Form 8-K

 

 

UNITED STATES

SECURITIES AND EXCHANGE COMMISSION

Washington, D.C. 20549

 

 

FORM 8-K

 

 

Current Report Pursuant to Section 13 of 15(d) of

The Securities Exchange Act of 1934

Date of Report (Date of earliest event reported): June 27, 2008

 

 

Virgin Mobile USA, Inc.

(Exact name of registrant as specified in its charter)

 

 

 

Delaware   001-33735   20-8826316

(State or other jurisdiction

of incorporation)

  (Commission File Number)  

(I.R.S. Employer

Identification Number)

 

10 Independence Boulevard

Warren, NJ

  07059
(Address of principal executive offices)   (Zip Code)

(908) 607-4000

Registrant’s telephone number, including area code

Not Applicable

(Former name or former address, if changed since last report.)

 

 

Check the appropriate box below if the Form 8-K filing is intended to simultaneously satisfy the filing obligation of the registrant under any of the following provisions (see General Instruction A.2 below):

 

¨ Written communications pursuant to Rule 425 under the Securities Act (17 CFR 230.425)

 

x Soliciting material pursuant to Rule 14a-12 under the Exchange Act (17 CFR 240.14a-12)

 

¨ Pre-commencement communications pursuant to Rule 14d-2(b) under the Exchange Act (17 CFR 240.14d-2(b))

 

¨ Pre-commencement communications pursuant to Rule 13e-4(c) under the Exchange Act (17 CFR 240.13e-4(c))

 

 

 


Item 1.01 Entry into a Material Definitive Agreement.

Transaction Agreement

On June 27, 2008, Virgin Mobile USA, Inc. (the “Company”) entered into a Transaction Agreement (the “Transaction Agreement”) with Virgin Mobile USA, L.P. (“VMU Opco”), Helio, Inc. (“Helio, Inc.”), Helio LLC (“Helio LLC”), SK Telecom USA Holdings, Inc. (“SK Telecom”), EarthLink, Inc. (“EarthLink”, and together with Helio, Inc. and SK Telecom, the “Sellers”) and Corvina Holdings Limited (“Virgin Group”).

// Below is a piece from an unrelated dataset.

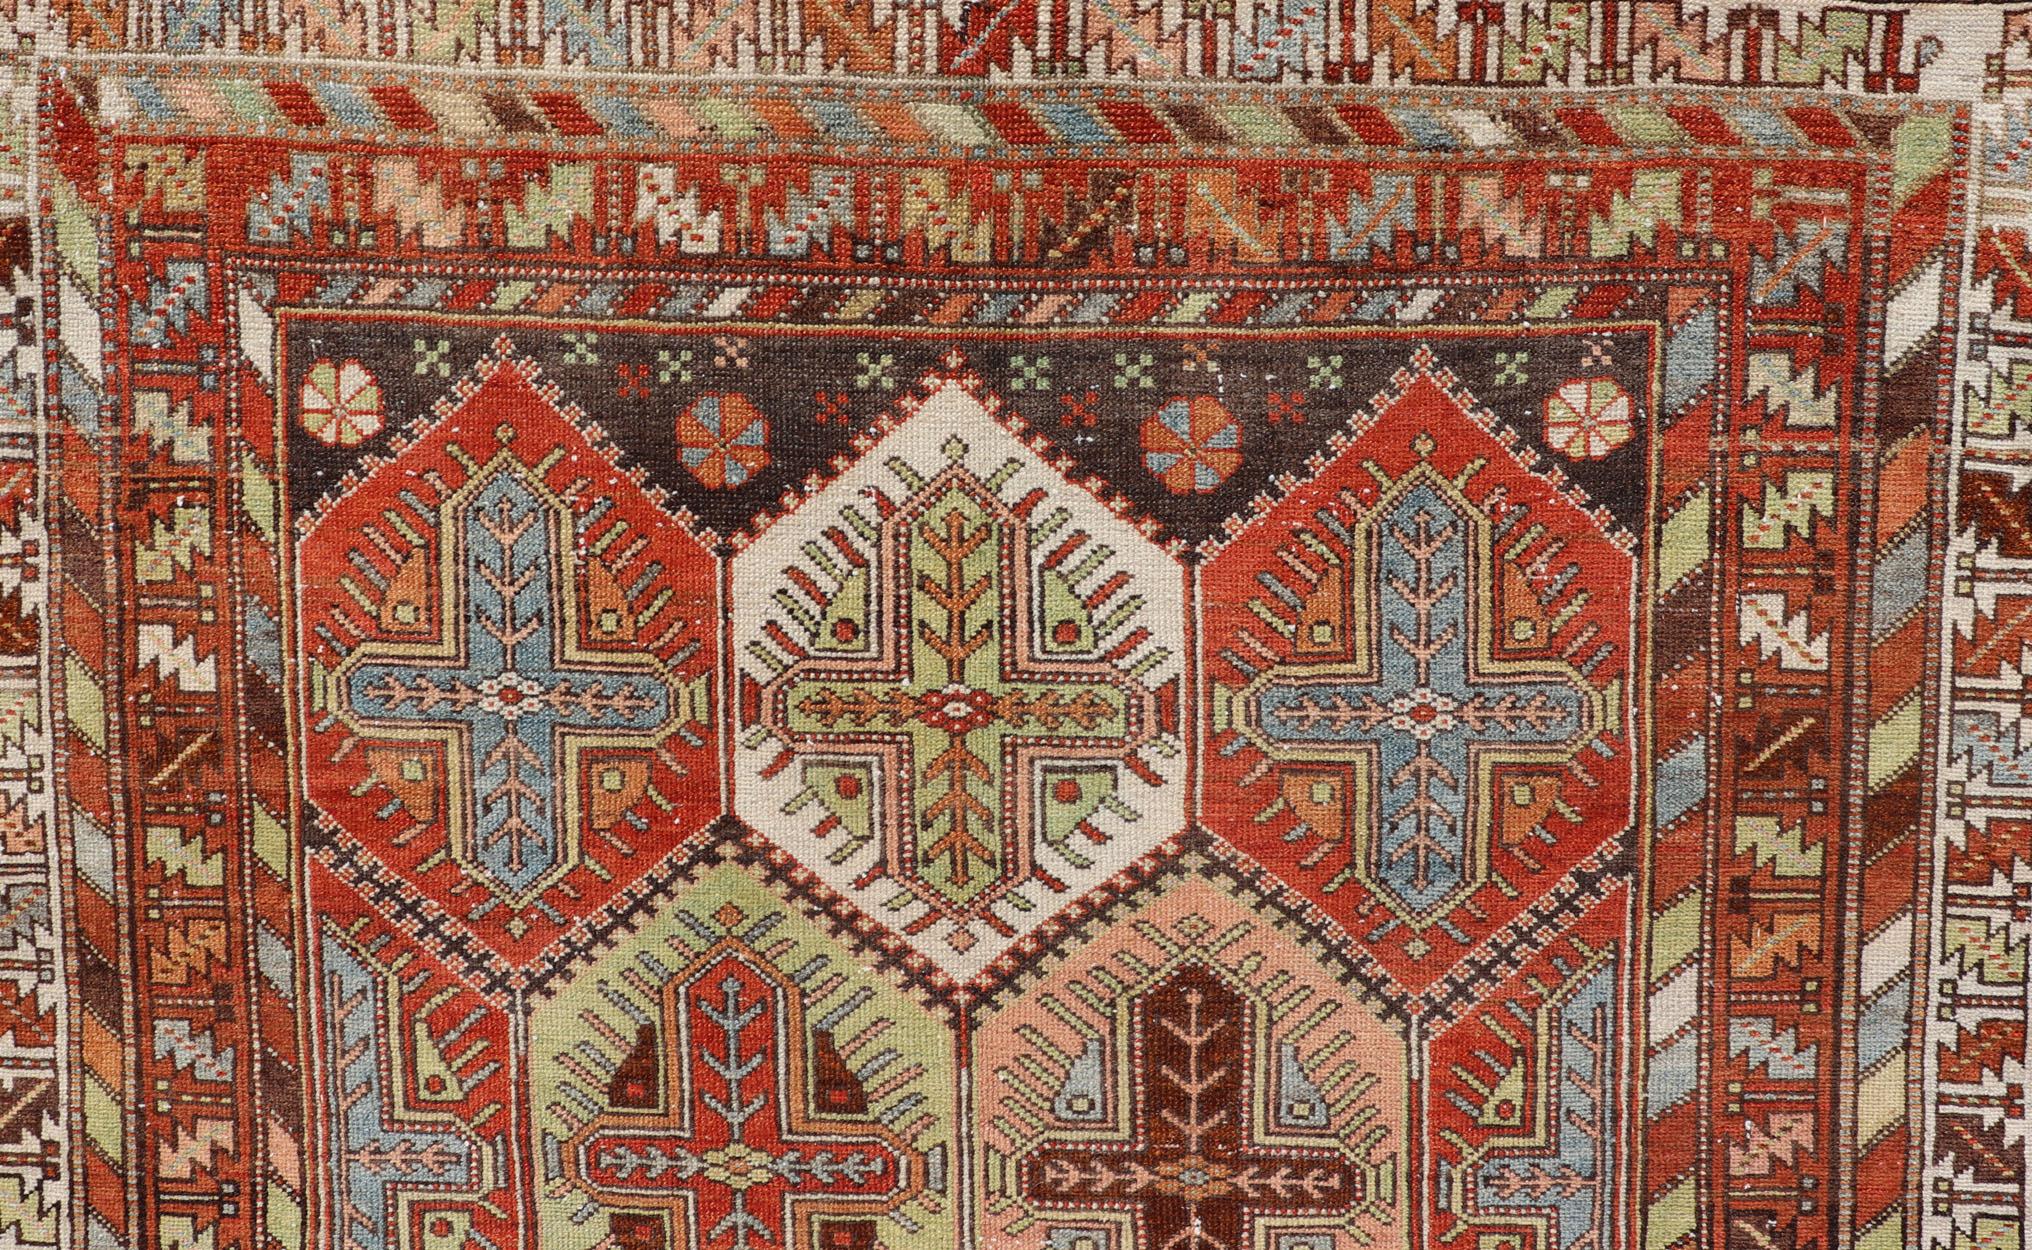 Wool Antique Persian Tribal Motif Design with Crosses Bakhtiari Rug in Multi Colors For Sale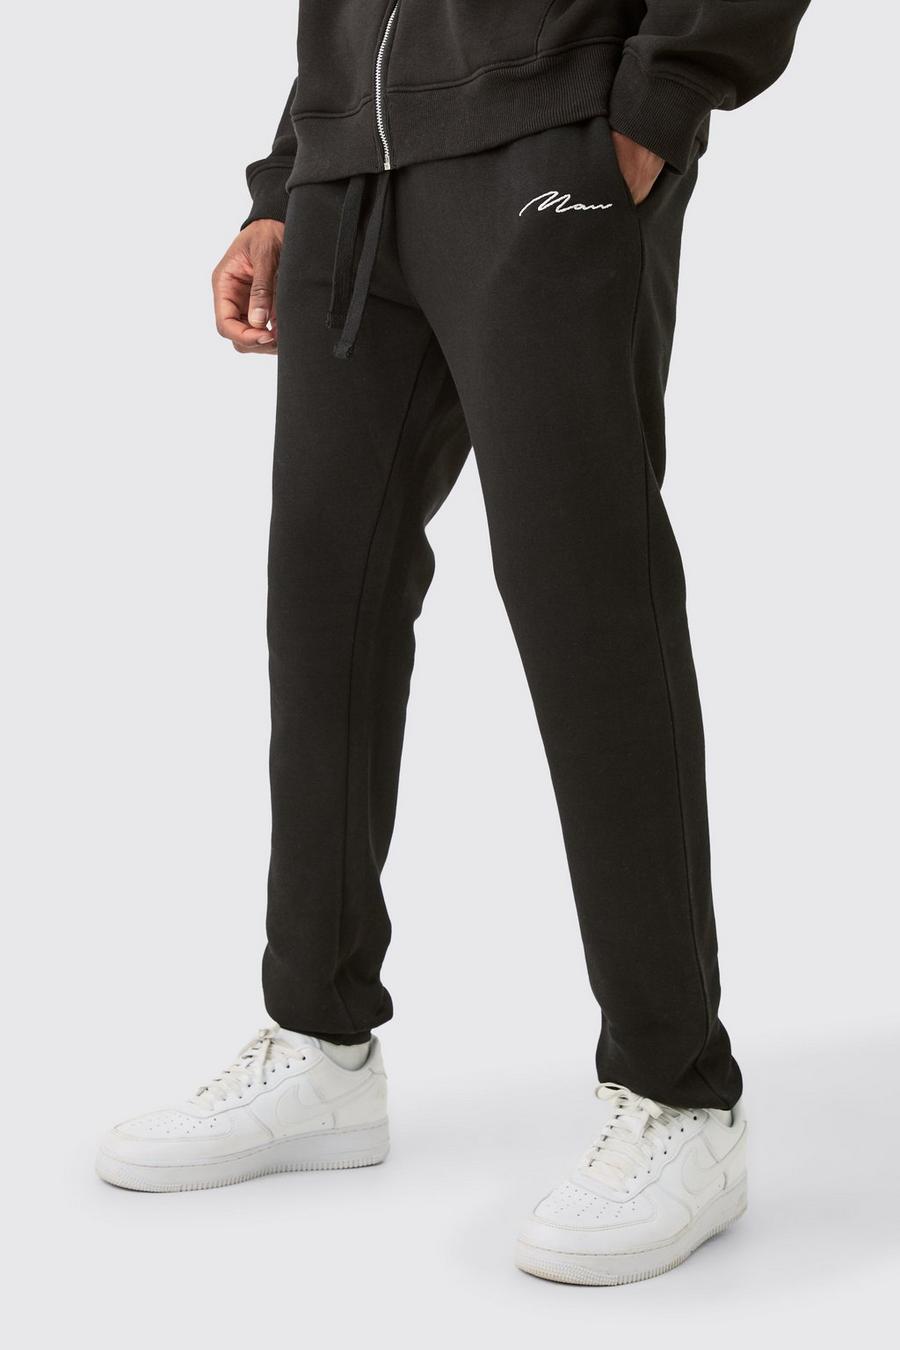 Pantalón deportivo Tall pitillo negro con firma MAN, Black image number 1

The Transaction Agreement provides that, upon the terms and subject to the conditions set forth in the Transaction Agreement, the Company will acquire all of the membership units of Helio LLC in exchange for partnership units of VMU Opco and Class A common stock of the Company (the “Exchange”). In addition, each of Virgin Group and SK Telecom will invest $25 million into the Company (the “Additional Investments”) in exchange for the issuance by the Company of 25,000 shares of newly issued Series A Convertible Preferred Stock (the “Series A Convertible Preferred Stock”). The Company’s Board of Directors has approved the Exchange, the Additional Investments and the Transaction Agreement.

Under the terms of the Transaction Agreement, at the effective time of the Exchange, the Company will purchase all of the outstanding limited liability company units of Helio LLC from the Sellers in exchange for the issuance by VMU Opco of partnership units to SK Telecom and EarthLink, the issuance by the Company of Class A common stock to Helio, Inc. and, subject to the approval by the stockholders of the Company, the issuance by the Company of Class B common stock to SK Telecom and EarthLink. In addition, each outstanding option and each outstanding warrant to purchase Helio, Inc. Class A common stock will become fully vested and exercisable prior to the effective time and terminated as of the effective time.

Helio, Inc., Helio LLC and the Company have made customary representations, warranties and covenants in the Transaction Agreement. Consummation of the Exchange and the Additional Investments are subject to customary conditions, including (i) absence of any law or order prohibiting the consummation of the Exchange, (ii) receipt, expiration or termination of required regulatory approvals, including the Hart-Scott-Rodino waiting period, if applicable, and approvals from the Federal Communications Commission and under Exon-Florio and (iii) subject to certain exceptions, the accuracy of the representations and warranties.

Subject to the approval by the stockholders of the Company, the Series A Convertible Preferred Stock will be convertible automatically for Class A common stock upon the earlier of (i) four years from the date of issuance and (ii) such time as the market price of the Company’s Class A common stock exceeds $8.50 per share. The Series A Convertible Preferred Stock will have a 6% annual dividend and will be convertible at the option of the holder after 18 months after the date of issuance subject to the approval by the stockholders of the Company. The foregoing description of the Series A Convertible Preferred Stock is qualified in its entirety by reference to the full text of the Form of Certificate of Designations of Series A Convertible Preferred Stock of the Company, which is filed as Exhibit 3.1 to this Current Report and is incorporated herein by reference.

In connection with the foregoing, the Company has agreed to call a meeting of the Company’s stockholders to consider approval of the authorization of the issuance of Class A common stock of the Company upon the conversion of the Series A Convertible Preferred Stock and to


consider approval of an amendment to the Company’s certificate of incorporation to increase the number of authorized shares of Class B common stock of the Company. The calling of such meeting of the Company’s stockholders is not a condition to consummation of the Exchange and the Additional Investments.

The foregoing description of the Transaction Agreement is qualified in its entirety by reference to the full text of the Transaction Agreement, which is filed as Exhibit 2.1 to this Current Report and is incorporated herein by reference.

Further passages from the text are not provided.